Perhaps most unique to Moses are the fact that (v.6) God Himself buried him, and at a site that no one knows to this day; and that Joshua (or whoever finished Deuteronomy with the details of Moses’ death) could write that: “Since that time no prophet has risen in Israel like Moses, whom the LORD knew face to face” (v.10). Isn’t that an awesome statement? There was no one like Moses! No one walked with God like he did! That could still be said years after his death, when Deuteronomy was completed. Indeed, it could still be said when Malachi penned the final words of the Old Testament. Looking back at the end of all Old Testament history, readers of Deuteronomy could still say: “Since that time no prophet has risen in Israel like Moses”!
And yet, didn’t Moses himself say that, one day, there would arise a prophet “like” him (Deuteronomy 18.15)? He did! And so it was inevitable that the statement in Deuteronomy 34.10 would not always hold true! Indeed, a prophet has come – one who knows God face to face; one who was not only buried, like Moses, but who is risen! The great Prophet (capital ‘P’) has arisen; the one who outshines Moses like the sun outshines the moon!
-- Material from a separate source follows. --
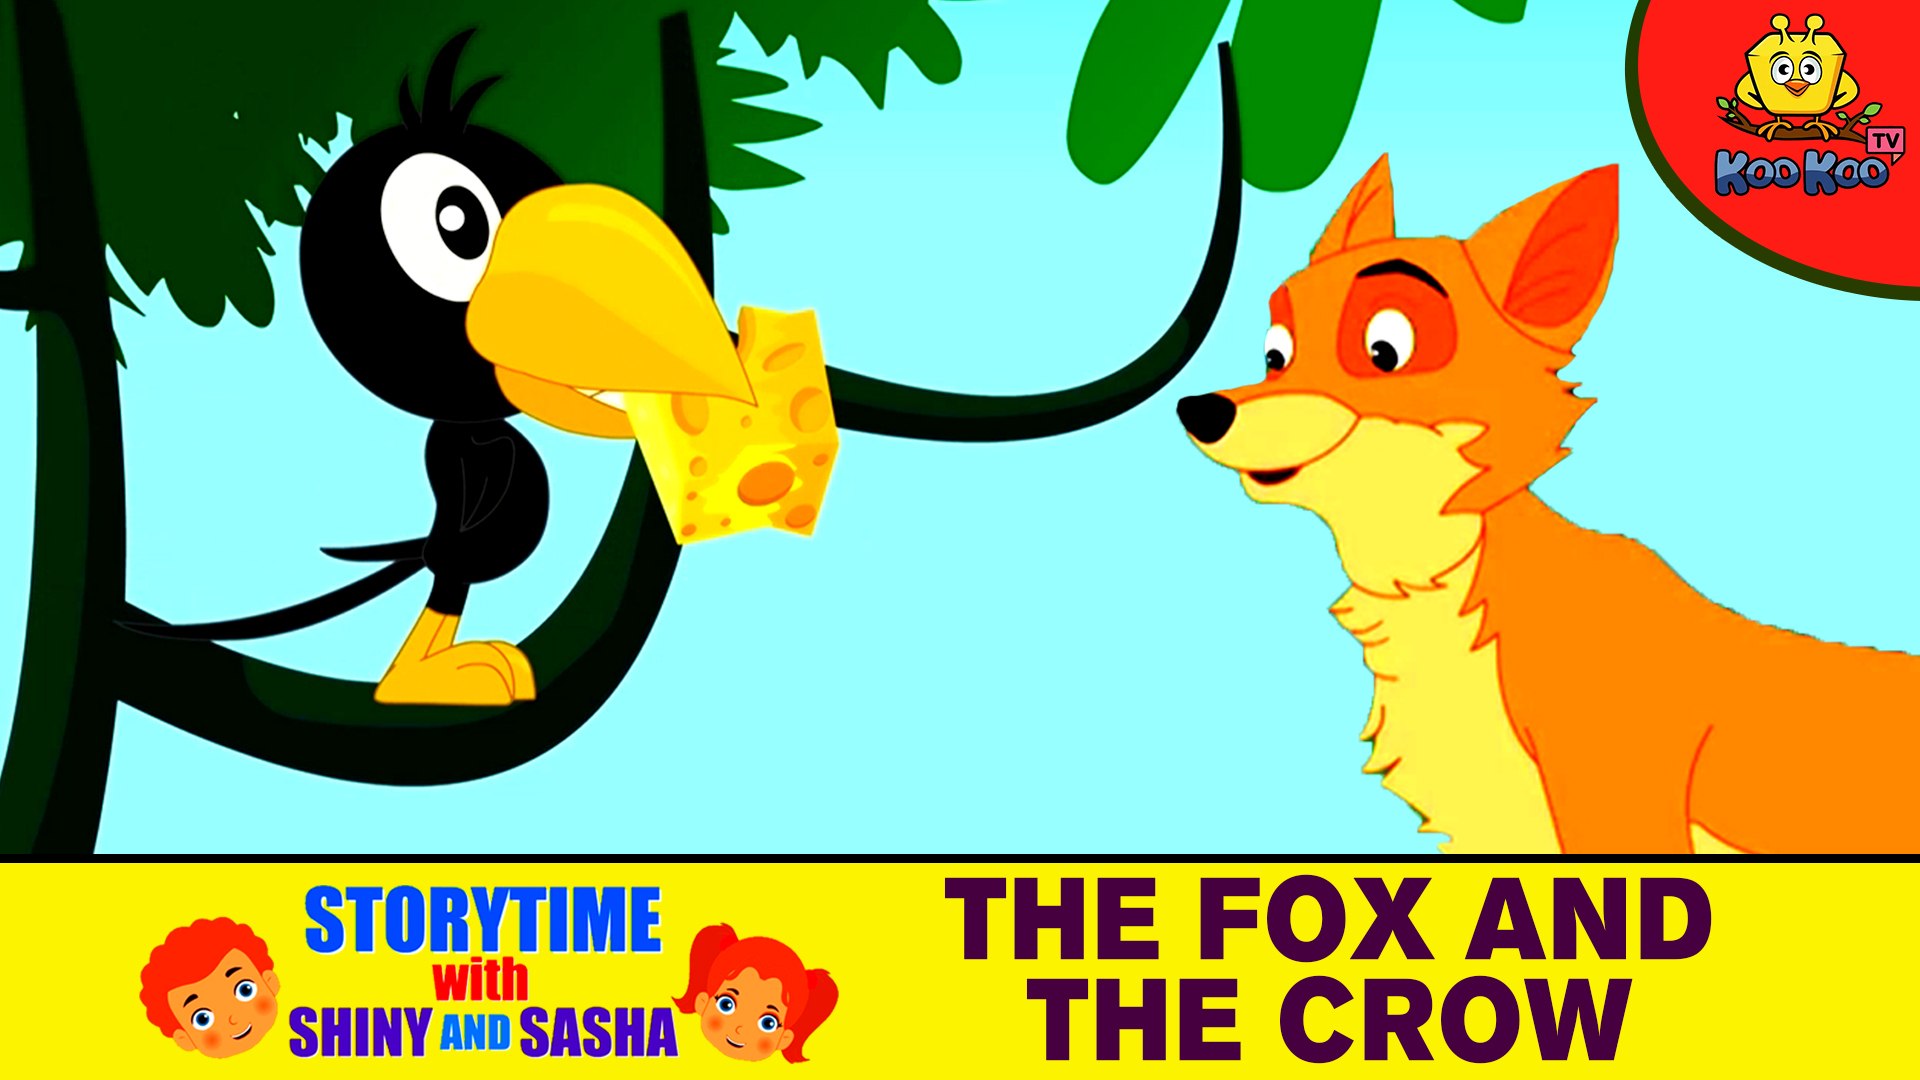 The Fox and The Crow | Kids Moral Stories | Stories For Kids In English |  Koo Koo Tv - video Dailymotion

Here is what Arthur Pink said about the two men:
The history of Moses was remarkable from beginning to end. The hand of providence preserved him as a babe, and the hand of God dug his grave at the finish. Between these termi he passed through the strangest and most contrastive vicissitudes which, surely, any mortal has ever experienced. The honours conferred upon him by God were much greater than any bestowed upon any other man, before or since. During the most memorable portion of their history, all of God’s dealings with Israel were transacted through him. His position of nearness to Jehovah was remarkable, awesome, unique. He was in his own person prophet, priest and king. Through him the whole of the Levitical economy was instituted. By him the Tabernacle was built. Thus we can well understand the high esteem in which the Jews held this favoured man of God.
Yet great as Moses was, the Holy Spirit … calls upon us to consider One who so far excelled him as the heavens are above the earth. First, Christ was the immeasurable superior of Moses in His own person: Moses was a man of God, Christ was God Himself. Moses was the fallen descendant of Adam, conceived and shapen in iniquity; Christ was sinless, impeccable, holy. Again; Christ was the immeasurable superior of Moses in His Offices. Moses was a prophet, through whom God spake; Christ was Himself “Truth,” revealing perfectly the whole mind, will, and heart of God. Moses executed priestly functions (Exodus 24.6; 32.11); but Christ is the “great High Priest.” Moses was “king in Jeshurun” (Deuteronomy 33.5); Christ is “King of kings.” To mention only one other comparison, Christ was the immeasurable superior of Moses in His work. Moses delivered Israel from Egypt, Christ delivers His people from the everlasting burnings. Moses built an earthly tabernacle, Christ is now preparing a place for us on High. Moses led Israel across the wilderness but not into Canaan itself; Christ will actually bring many sons “unto glory.”*
So yes, as I close his books and move on into the book of Joshua, I am going to miss Moses. But I praise God that, as I read on, I will come to the One who walked with God even more profoundly than Moses did … and who is still alive so that He can walk with me, too.
*Arthur Pink. An Exposition of Hebrews. 21st Printing. Grand Rapids: Baker, 2006. Pages 152-153.